Dartmouth goes from ‘darkside’ to ‘awesome’
DARTMOUTH, N.S. • It's 3:30 on a Friday afternoon after a busy lunch rush that filled a 60-seat restaurant in downtown Dartmouth.
Standing behind The Canteen's bar, chef and co-owner Renée Lavallée fills her glass with something from a local selection of craft beer and cider on tap.
“There were a few sleepless nights after we decided to open a restaurant here,” says Canteen co-owner Doug Townsend, Lavallée's husband, as he sidles up to the bar.
“The reality is, this block of Portland Street for years was sort of a no-go zone at certain times of day for the average person.”
Not anymore. The Canteen is among an explosion of retail and restaurant startups that have transformed downtown Dartmouth into something akin to Halifax's Brooklyn: some of the hottest eateries, trendiest shops and coolest hipster hangouts emerge on the gritty streets across the harbour from downtown Halifax.
Dartmouth has become a food lovers', craft-beerdrinking paradise, with the Portland Street Creperie, Yeah Yeahs Pizza, and Battery Park Beer Bar & Eatery.
Local rock star Joel Plaskett opened the New Scotland Yard Emporium two years ago, a barbershop, record shop and café attached to his recording studio.
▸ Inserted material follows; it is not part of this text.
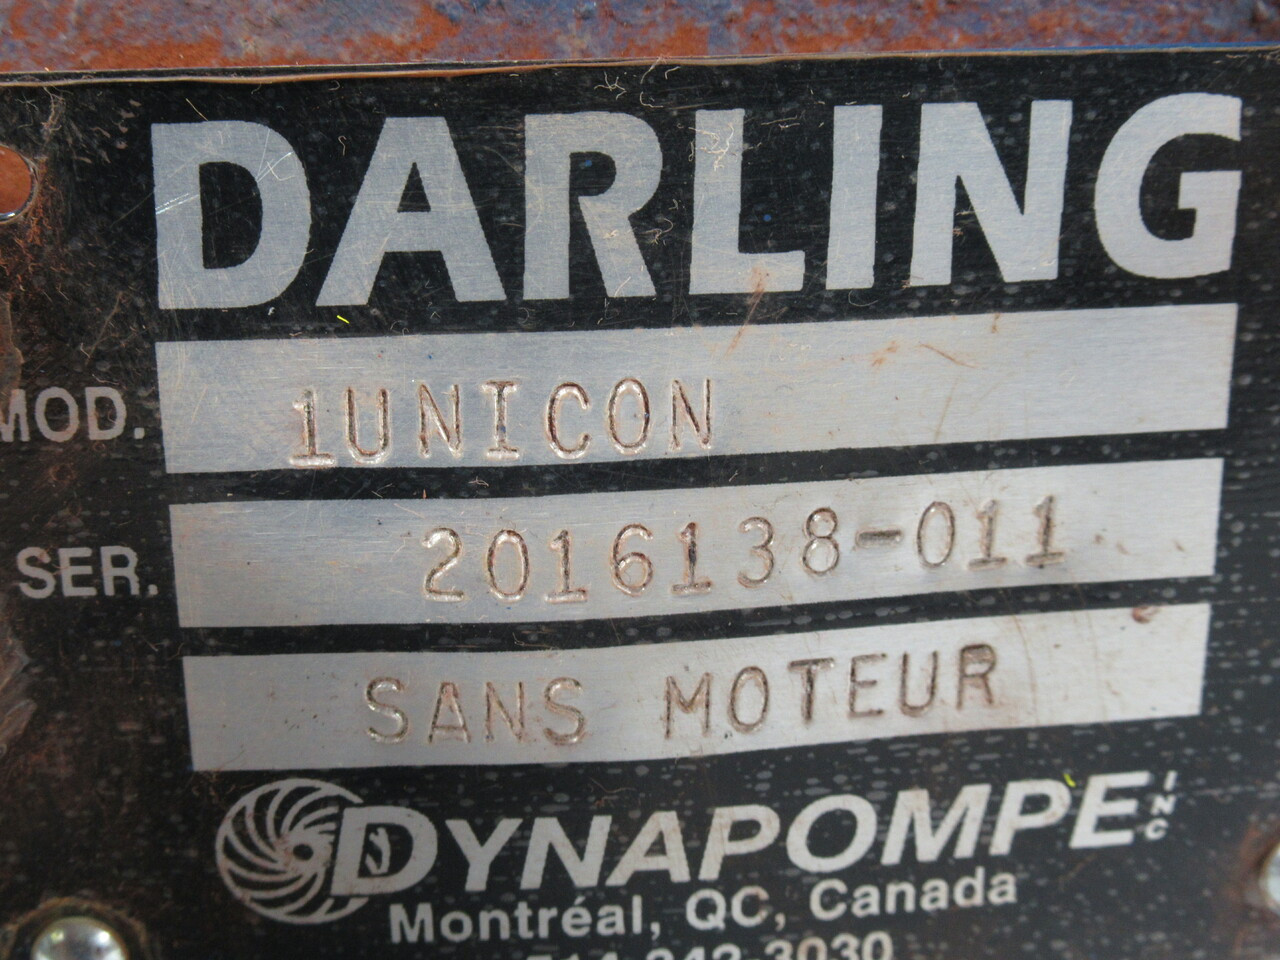 Darling 1UNICON Pump Accessory USED

And King's Wharf, a large retail and residential development at the former Dartmouth marine slips, is home to Il Trullo Ristorante and a new cocktail and wine bar The Watch that Ends the Night and an influx of residents in search of upscale condos overlooking the harbour.
Now, passengers on cruise ships docked in Halifax dole out $2.50 to take the pleasant, 12-minute ferry ride to Dartmouth.
“You can use the big Gword. It's gentrifying,” says Arthur Gaudreau, who writes about the city's retail and restaurant scene. “In the last few years, one of the things I've really noticed is a lot of young families are moving to downtown Dartmouth.”
For years, Dartmouth stood in the shadows of Nova Scotia's capital, its nickname the darkside, its reputation affectionately summed up as a little “rough around the edges” by locals.
“We still have a little bit of that 'Oh don't go down that dark alley' atmosphere but now we also have good food and new restaurants and shops,” says Katy Jean, a local resident and poet who writes whimsical haiku about Dartmouth.
Local councillor Sam Austin calls it a resurgence.
The renaissance was kickstarted eight years ago with the opening of Two If By Sea, a fiercely proud Dartmouth café on Ochterloney Street that serves locally roasted coffee and croissants big enough to sink a small ship.
“TIBS was a catalyst,” says Gaudreau, a self-proclaimed “Dartmouth boy,” referring to the café by its acronym. “Then a few years ago, there was a quick little bang of awesomeness.”